III. A more flexible exchange regime helps enhance the effectiveness of
monetary policy
According
to the argument of Impossible Trinity, capital and financial account
convertibility, independent monetary policy and exchange rate stability cannot
be achieved at the same time. It is feasible for a small and open economy to
pursue exchange rate objectives at the expense of monetary policy independence.
The Hong Kong SAR is such an example by adopting a currency board system, where
the Hong Kong dollar is strictly pegged
to the U.S. dollar and the Hong Kong Monetary Authority follows the Federal
Reserve in its adjustment of Hong Kong dollar interest rates. As for Singapore, exchange rate instruments, rather
than interest rates, are used more frequently in macroeconomic management, as
exchange rate is taken as the intermediate monetary policy target. China is not a small economy.
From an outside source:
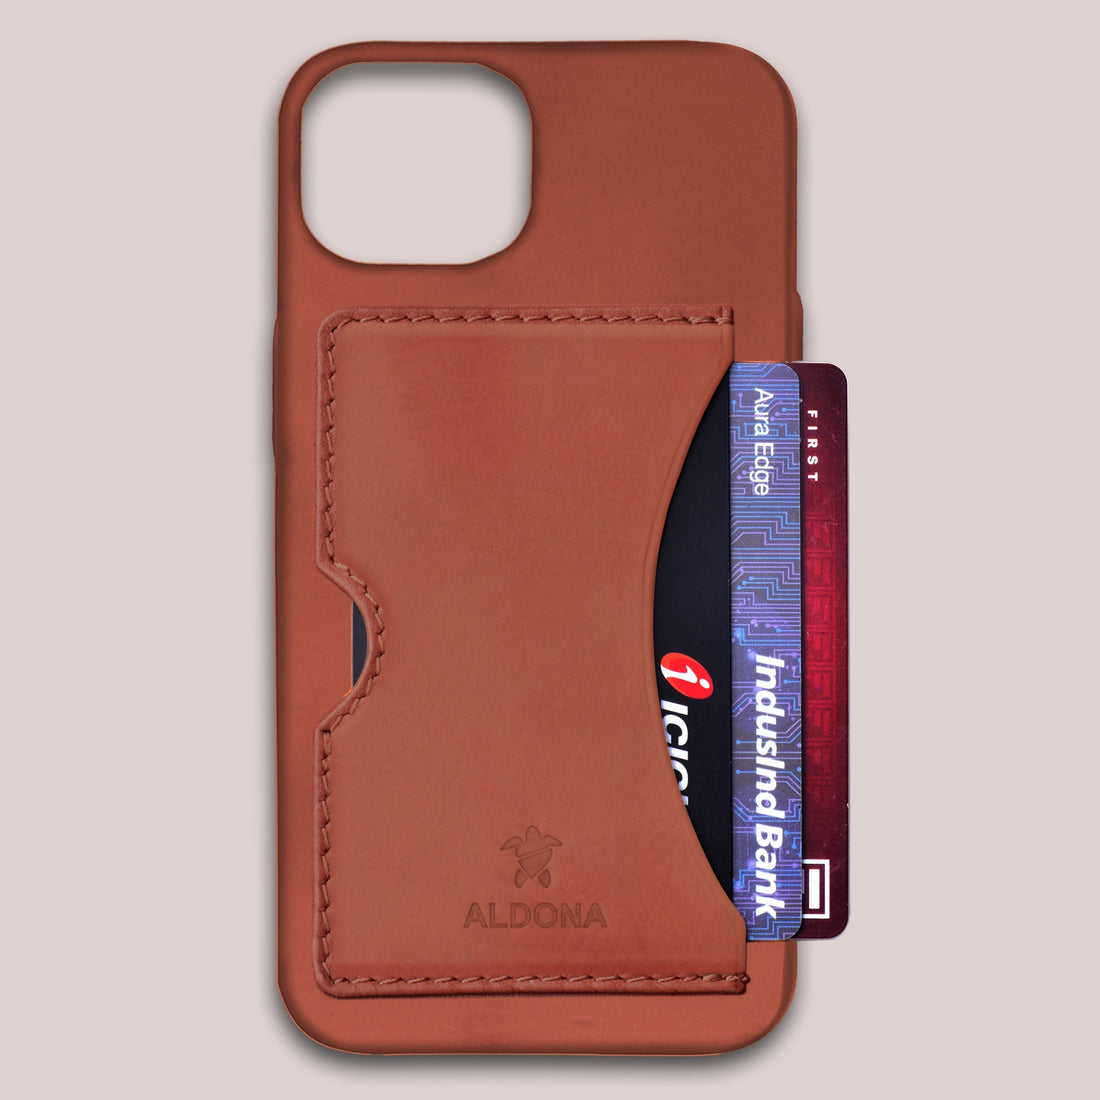 Baxter Card Case for iPhone 14 Pro Max - Cognac

With a population of 1.3 billion, China cannot afford to lose monetary policy independence and subject
itself to economic policies of other countries. Adopting a more flexible
exchange rate regime serves China´s long-term interests as the benefits of long-term price
stability and economic restructuring far exceed the cost in reorganizing
certain industries and removing outdated capacities.
At
present, a more flexible exchange rate regime will help curb inflation and
asset bubbles. When domestic inflationary pressures are heightened, a stronger
domestic currency will help bring down the price of imports. The role played by
exchange rate in easing imported inflationary pressures is particularly
important for a country like China that has a robust demand to import primary products due to
unfavorable resource endowment.
Economic
restructuring and growth pattern upgrade, as urgent tasks of strategic
importance, cannot be accomplished without persevering efforts. When doing so,
it is desirable for China to
seek more balanced trade development. Price tools such as exchange rate can be
adopted to adjust trade and BOP imbalances. This will help ease pressure of
inflows of foreign exchange and rapid build-up of reserves, promote sound and
sustainable development, and realize stable and orderly growth of money supply.
According
to international experiences, a flexible exchange rate regime helps mitigate
impacts of external shocks and enhance macroeconomic resilience. Financial
crises in the 1990s have shown that a rigid exchange rate regime is vulnerable
to speculation and may even trigger self-fulfilling currency crisis.
Stronger
exchange rate flexibility also helps improve the transmission mechanism of
monetary policy. Since 2005, the RMB exchange rate regime reform that has
progressed in a self-initiated, gradual and controllable manner has enhanced
market players´ awareness to adapt to exchange rate movements and made them
more responsive to market changes. The money market and foreign exchange market
have developed both in breadth and in depth. Adapting to more flexible exchange
rate, financial institutions have strengthened risk management, improved
financial services and come up with more product innovation. These have helped
improve the transmission of monetary policy at the micro and market levels and
played a positive role in enhancing the effectiveness of monetary policy.